# How to complete this task
Please set down the data word for word; images do not go in the copy.

# Collected material
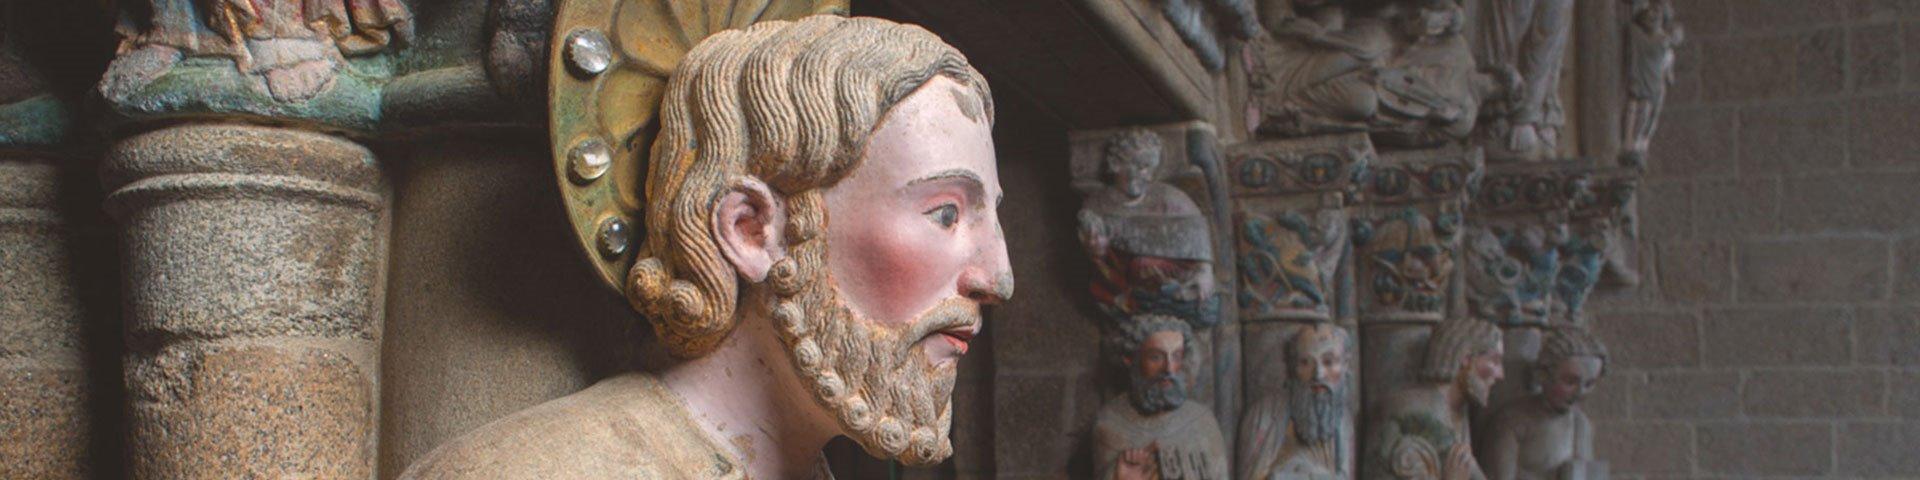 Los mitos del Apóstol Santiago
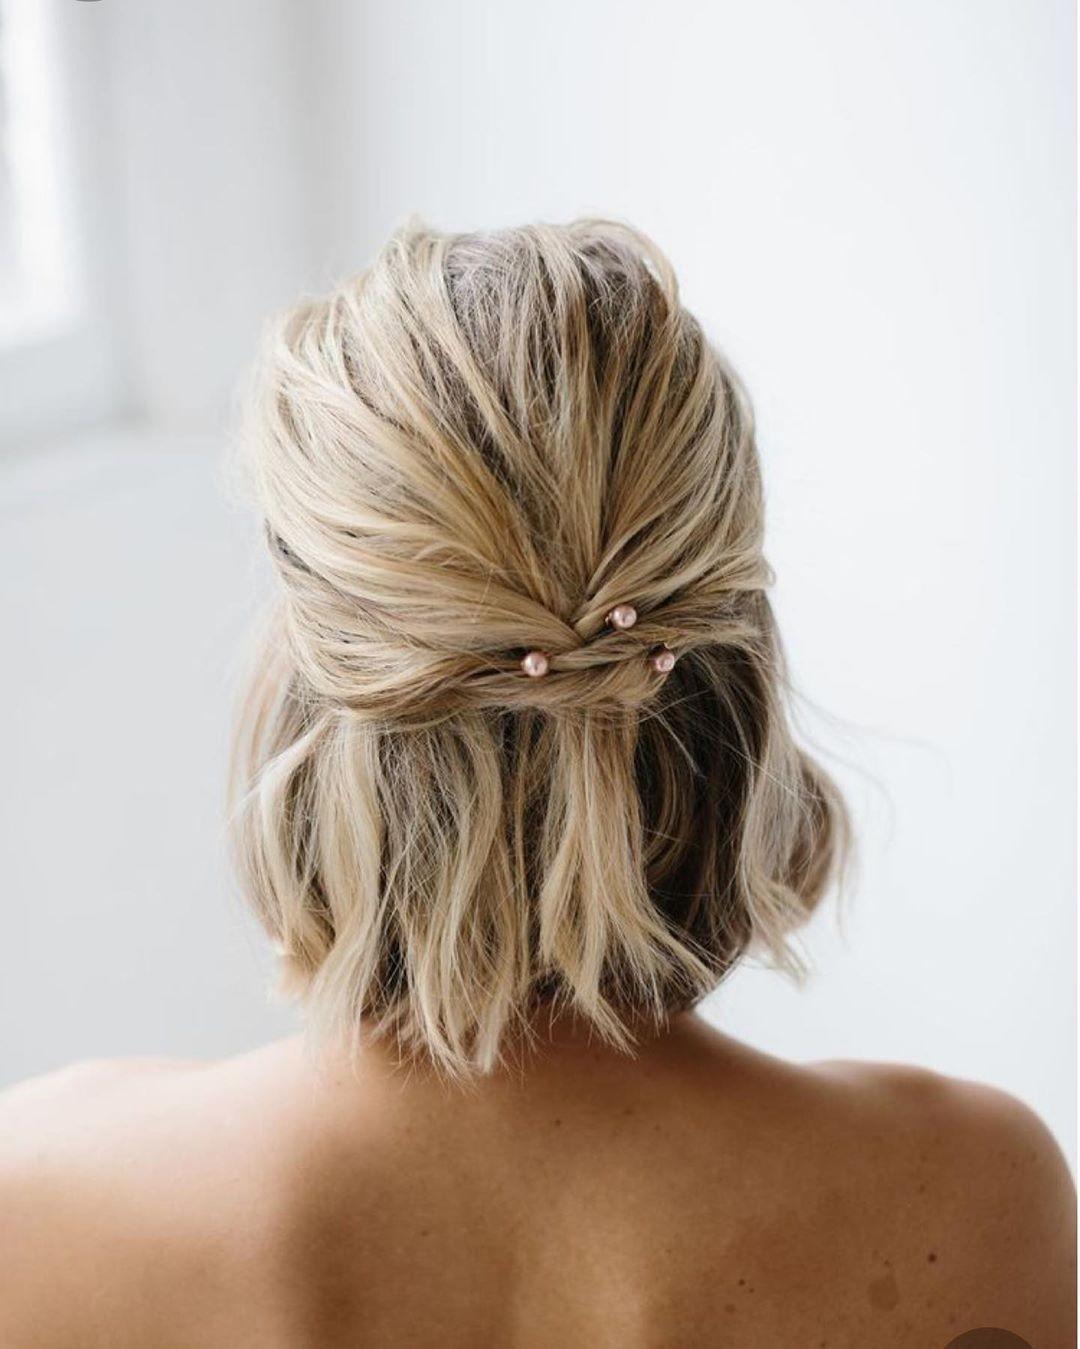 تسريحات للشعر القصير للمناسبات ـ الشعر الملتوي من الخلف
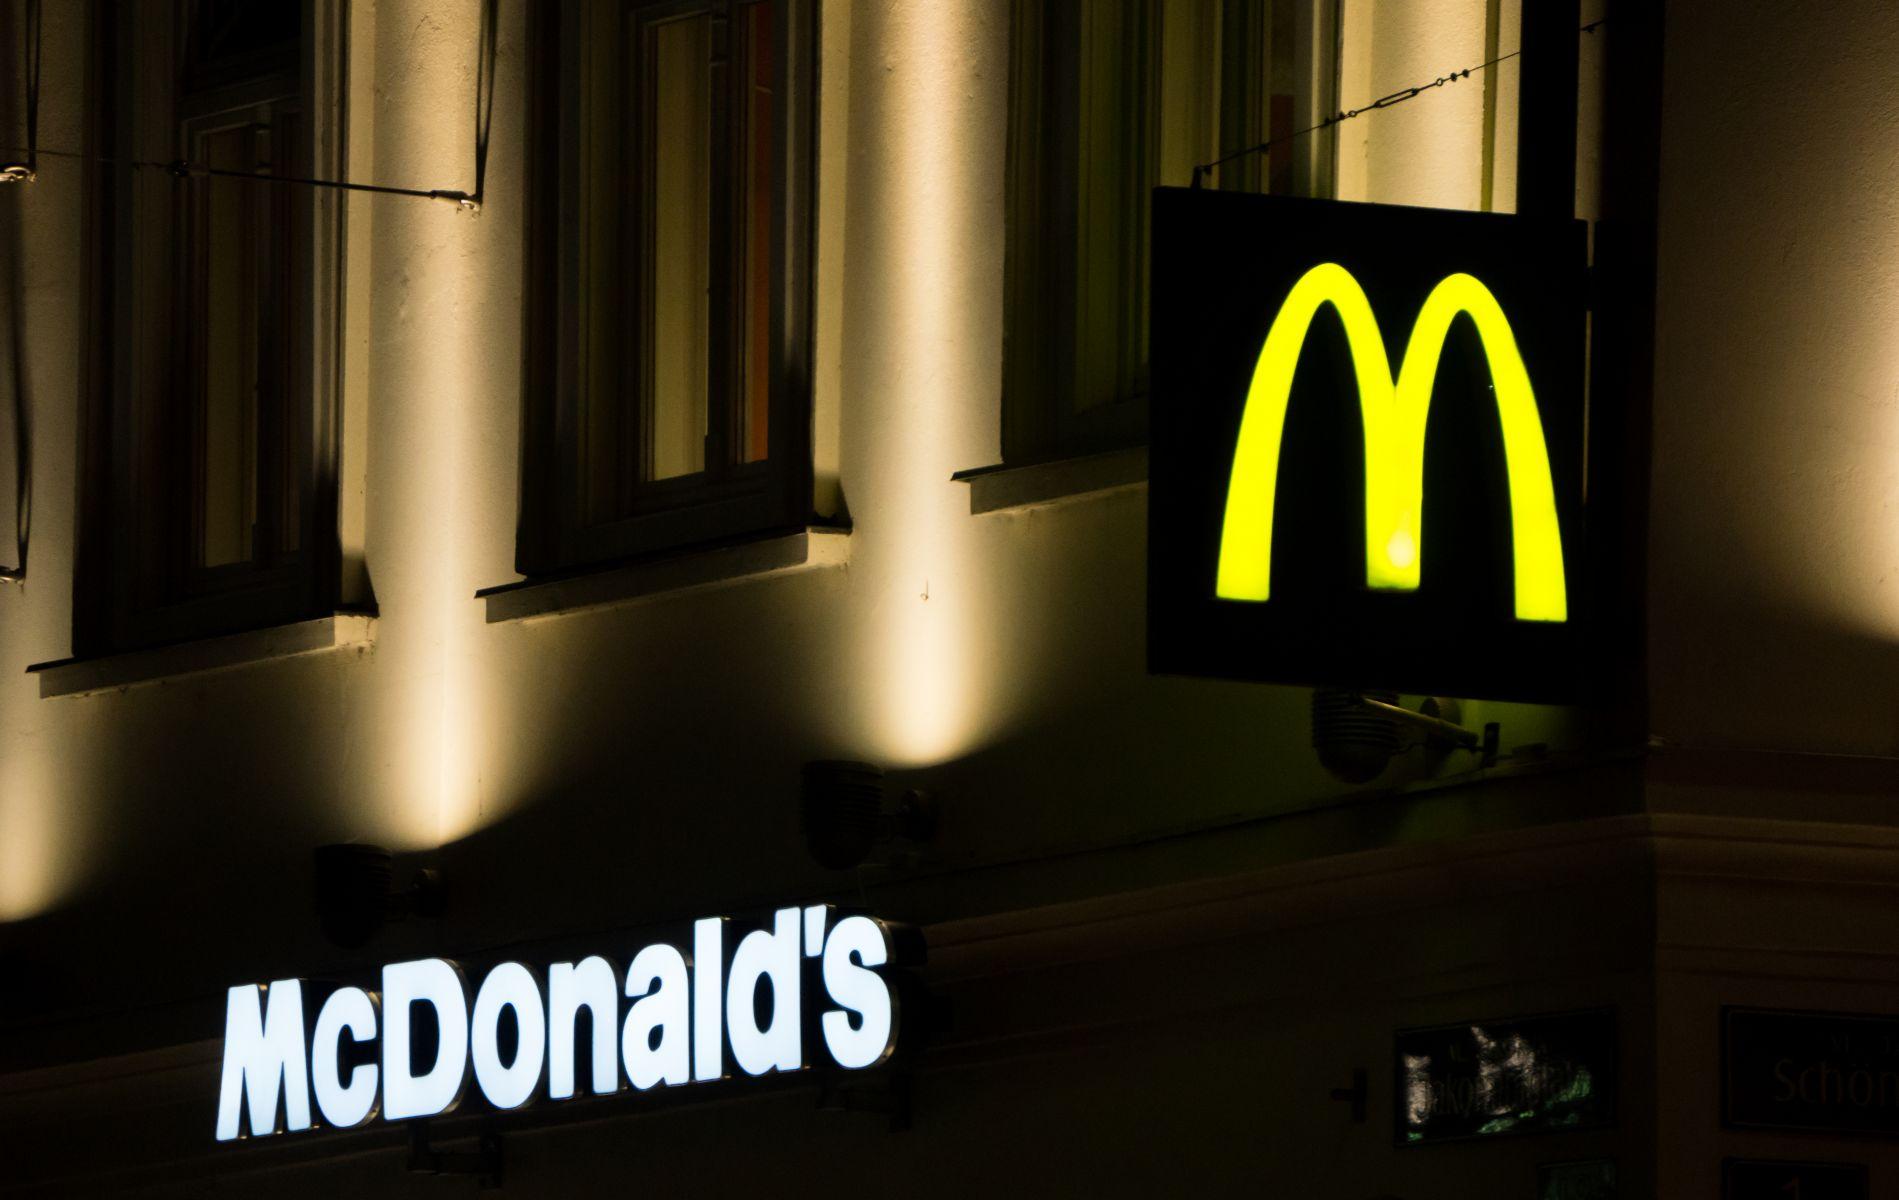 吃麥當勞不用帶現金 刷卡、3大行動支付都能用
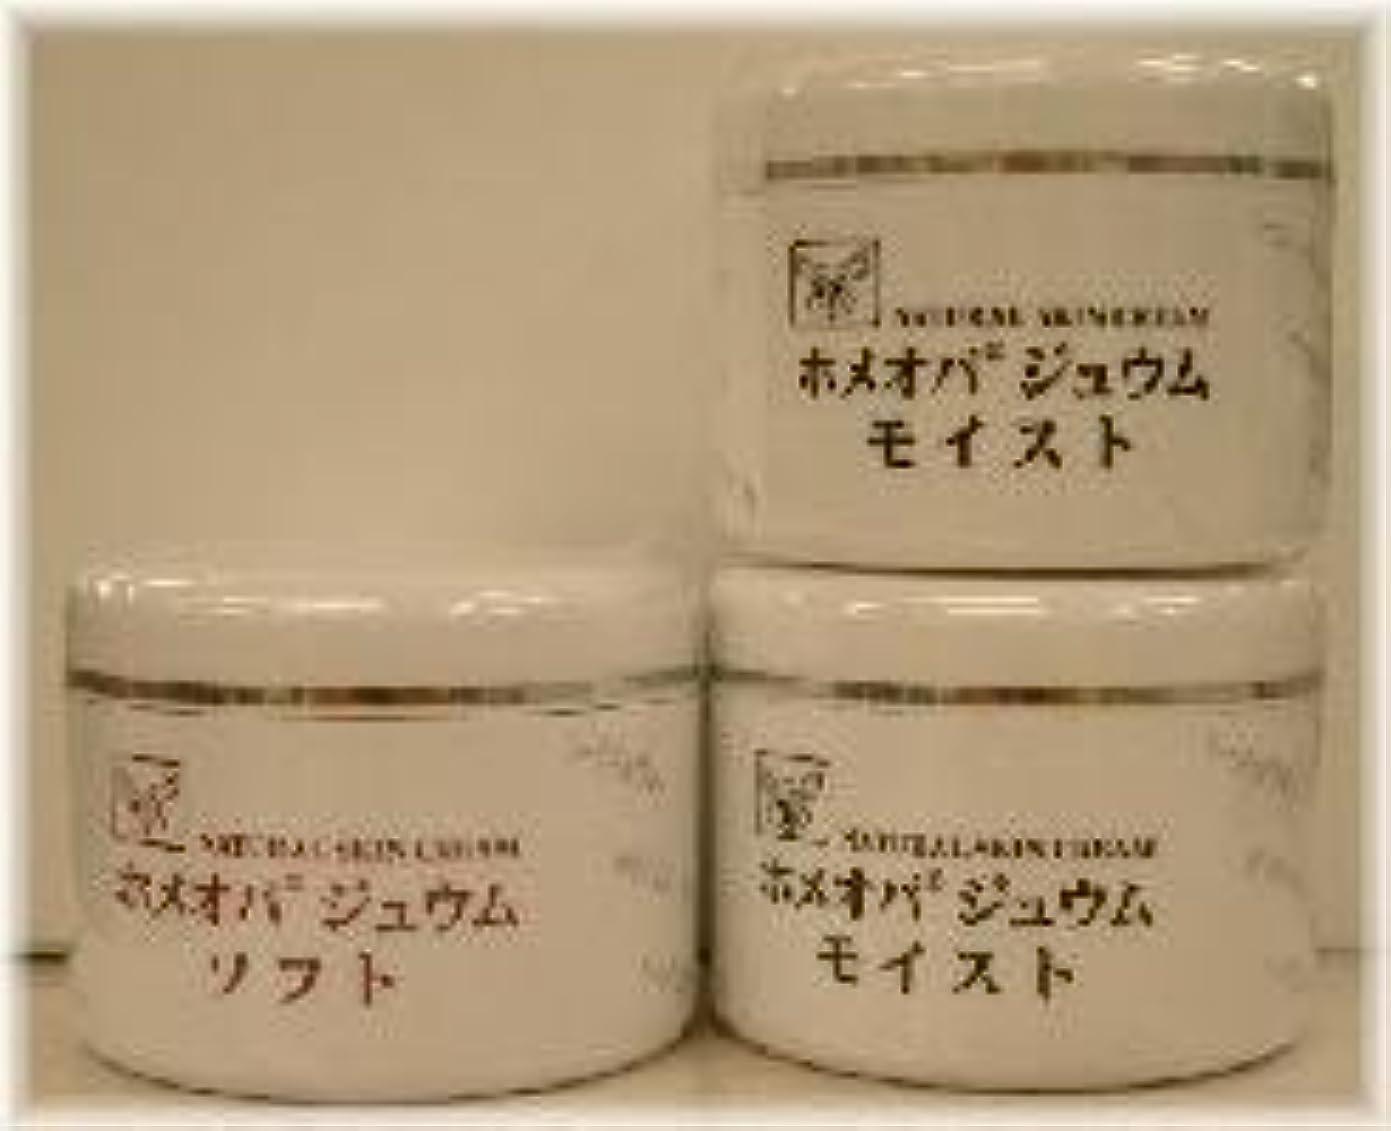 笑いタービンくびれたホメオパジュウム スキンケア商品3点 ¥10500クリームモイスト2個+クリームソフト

# Solution to the exercise
 Los mitos del Apóstol Santiago
 تسريحات للشعر القصير للمناسبات ـ الشعر الملتوي من الخلف
 吃麥當勞不用帶現金 刷卡、3大行動支付都能用
 笑いタービンくびれたホメオパジュウム スキンケア商品3点 ¥10500クリームモイスト2個+クリームソフト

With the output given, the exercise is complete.